-- INPUT DATA follows --

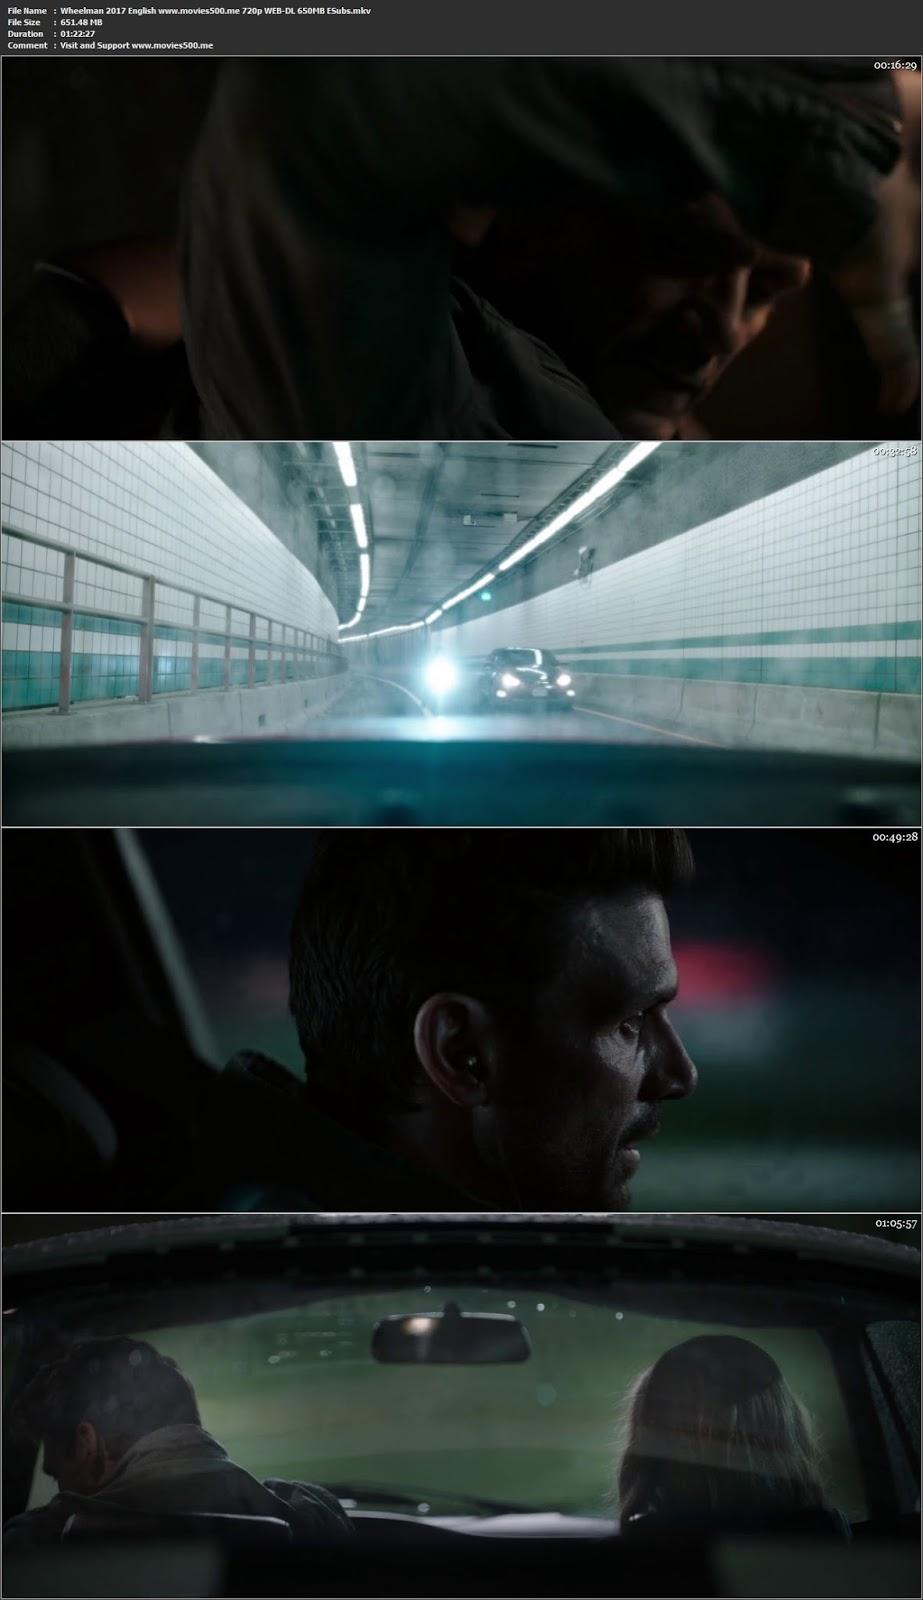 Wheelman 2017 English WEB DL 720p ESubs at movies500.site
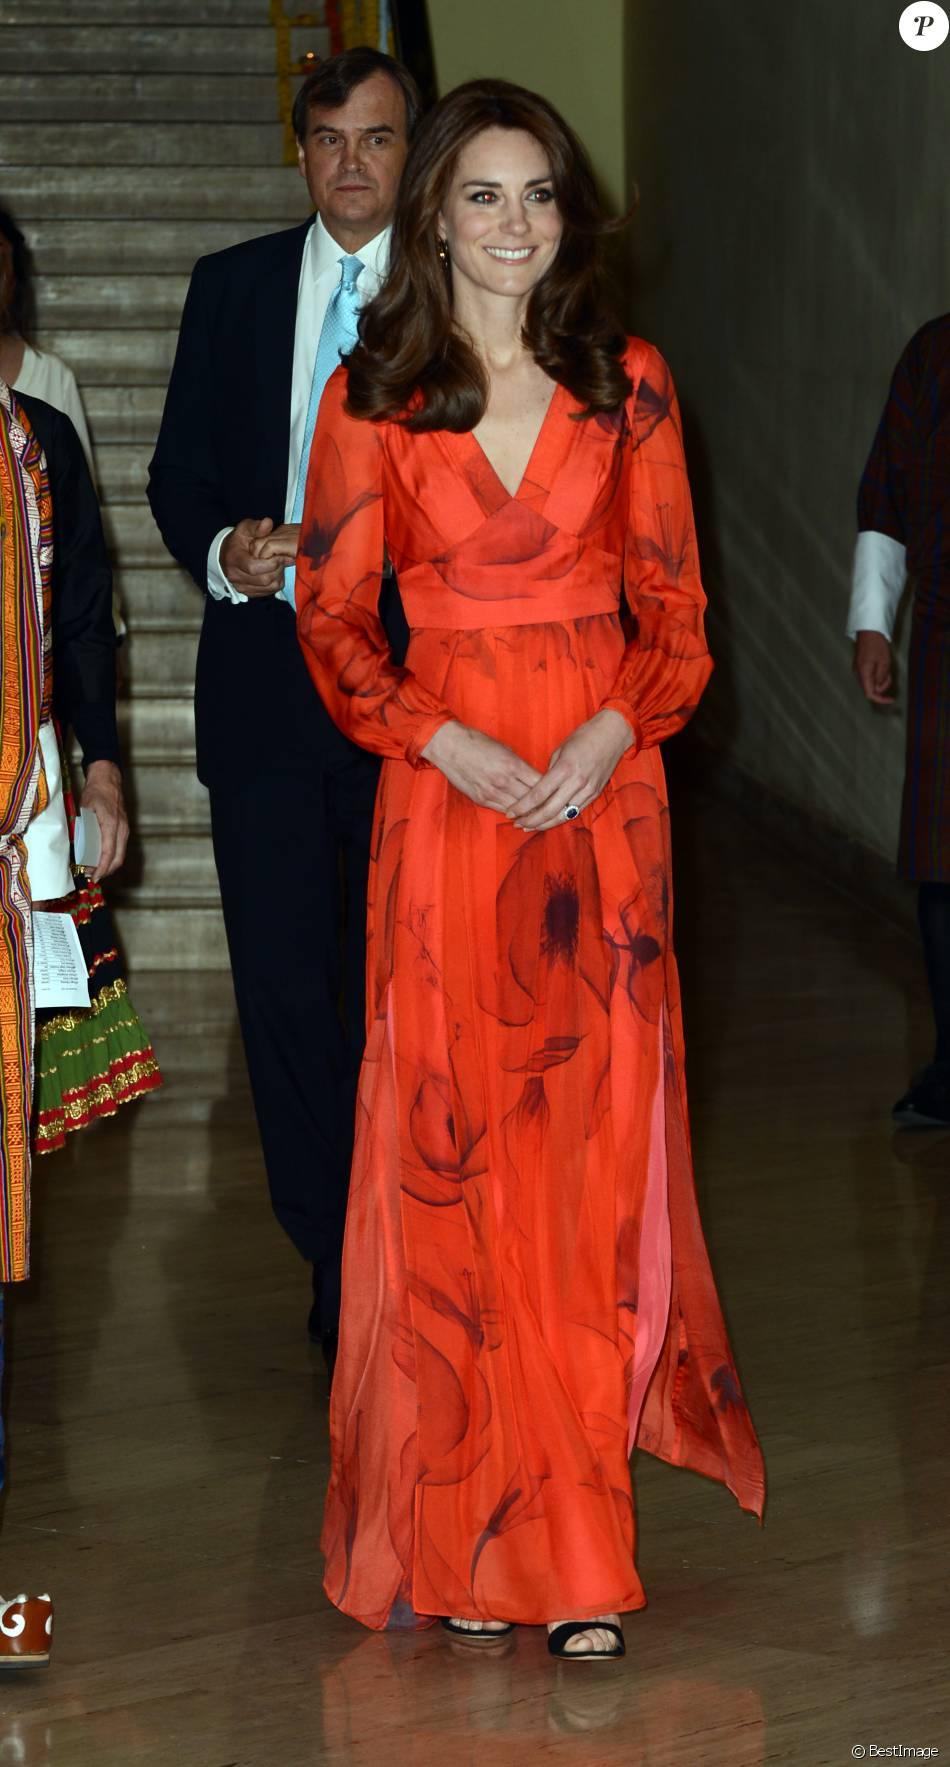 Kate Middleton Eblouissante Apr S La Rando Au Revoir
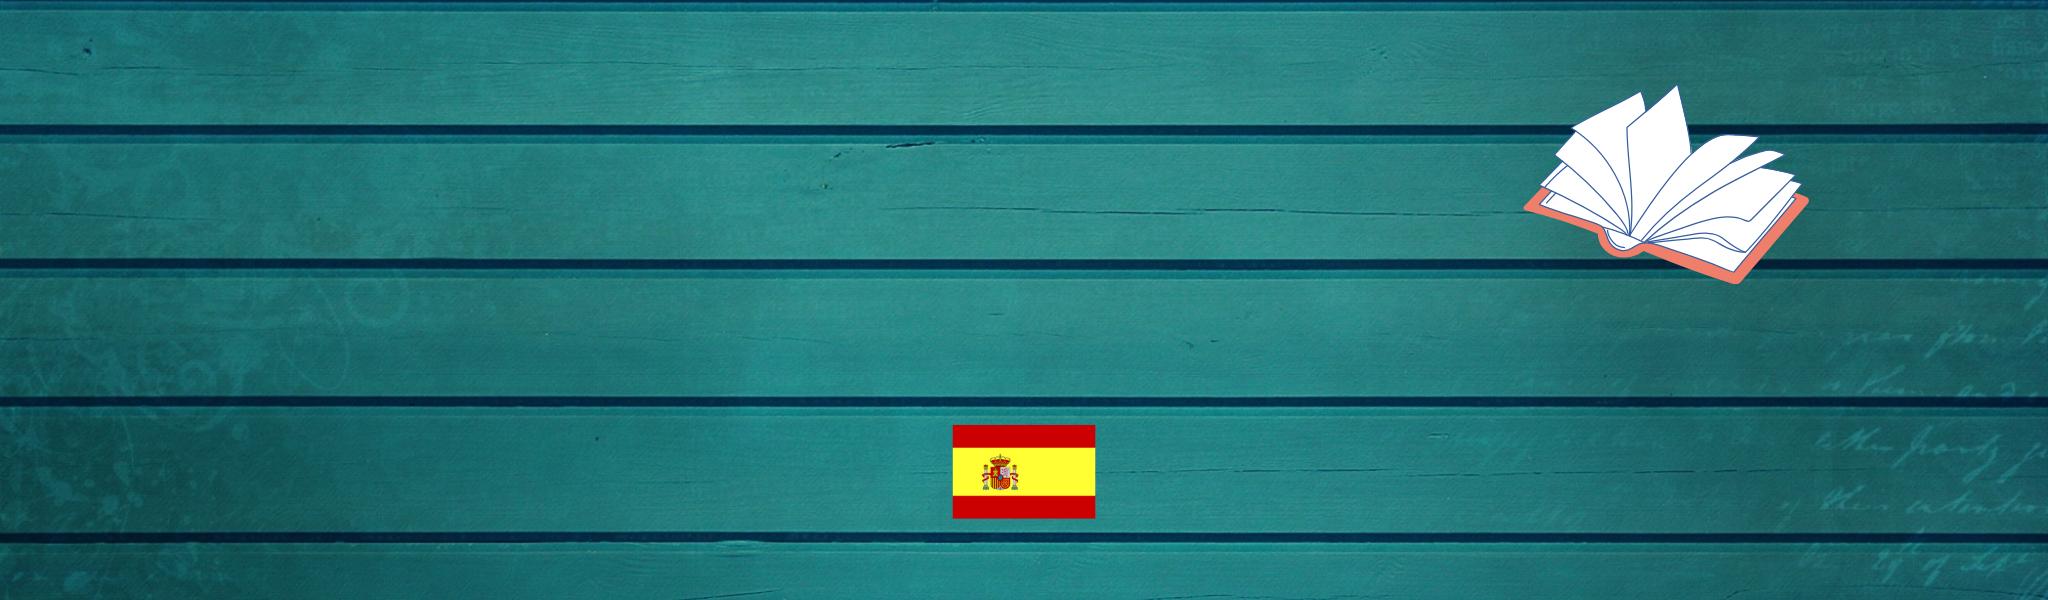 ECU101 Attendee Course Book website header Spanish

-- INPUT DATA concluded --

* [TASK DESCRIPTION] Apart from the pictures, all of the data must be duplicated exactly as shown above.

* [WRITTEN RESPONSE]
 Wheelman 2017 English WEB DL 720p ESubs at movies500.site
 Kate Middleton Eblouissante Apr S La Rando Au Revoir
 ECU101 Attendee Course Book website header Spanish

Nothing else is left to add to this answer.